Спустя десять лет, я смотрела на маму и видела в ее глазах, все те же ноты, коленки, рояль, косички, болтающиеся не в такт мелодии мешающие играть, и нова ноты, коленки, рояль косички и так до бесконечности. Все быстрее и быстрее, до головокружения, до тошноты, а вместо звуков, слова: «и вы надеялись поступить?… Не занимайтесь глупостями, идите работать!… Тоже мне, великая пианистка!…». Лицо ее было отсутствующее и печальное, но иногда, в ее сознании возникло дугой голос, молодой звонкий, мальчишеский: «Гила, что ты! У тебя все получится! Даже не сомневайся!». Тогда на ее лицо, словно маска, будто нарисованной, водружалась улыбка, еле видная, еле заметная, но когда-то важная для нее. «Ты станешь великой пианисткой, я – ученым! И мы с тобой поженимся!» – говорил он ей сидя на лавочке в парке, тихо, вожделенно наивным шепотом…
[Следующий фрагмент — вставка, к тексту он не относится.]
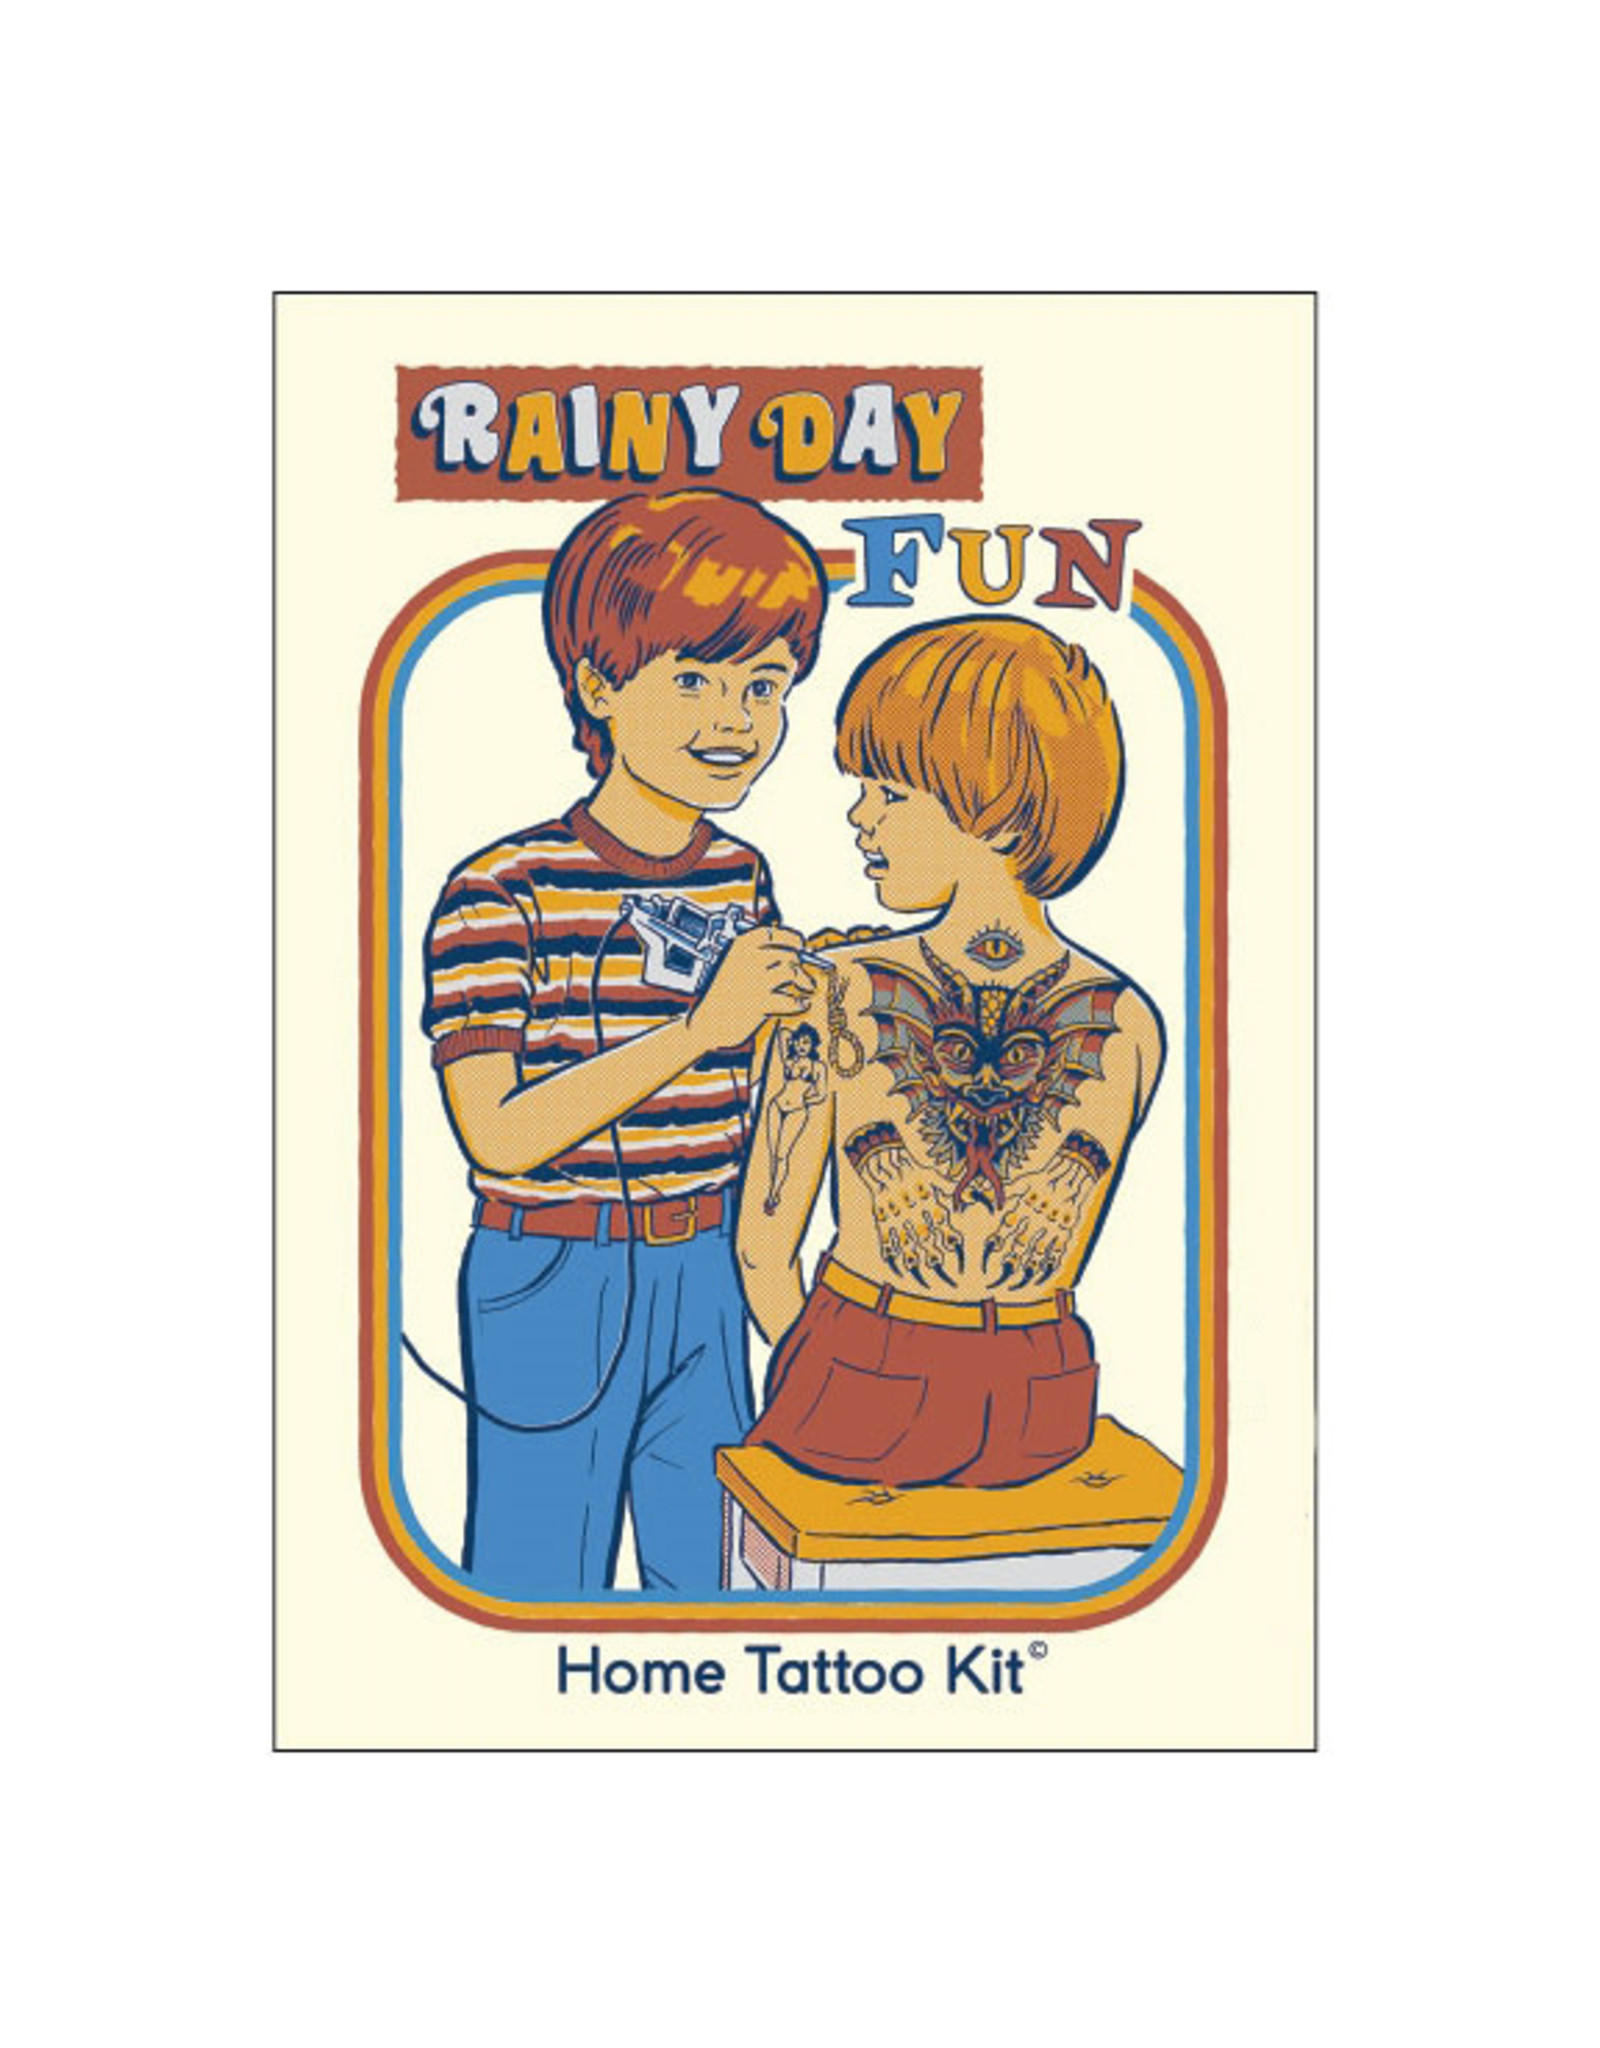 Rainy Day Fun Home Tattoo Kit Magnet

Так, вцепившись в свою маму, уткнувшись ей в живот, я смотрела картинки ее мыслей, не в силах от нее отцепиться, словно мне не позволяли закрыть глаза. Меня в ее будущем не было, а может, и не было в настоящем, мне даже не было от этого обидно, и грустно тоже не было, просто как-то холодно. Может быть, жизнь моей мамы вообще закончилась тогда, в ее шестнадцать, когда она, не сумев поступить в консерваторию, не осуществила свою мечту. Потом, был лишь повтор, словно кадр крутился по кругу, последний момент ее жизни. Он повторялся и повторялся, до тех пор, когда она, влекомая удивительными звуками небесного оркестра, приглашавшего ее играть с ними, шагнула в небо, с крыши дома, и не осталась там, в прекрасной жизни звуков навсегда.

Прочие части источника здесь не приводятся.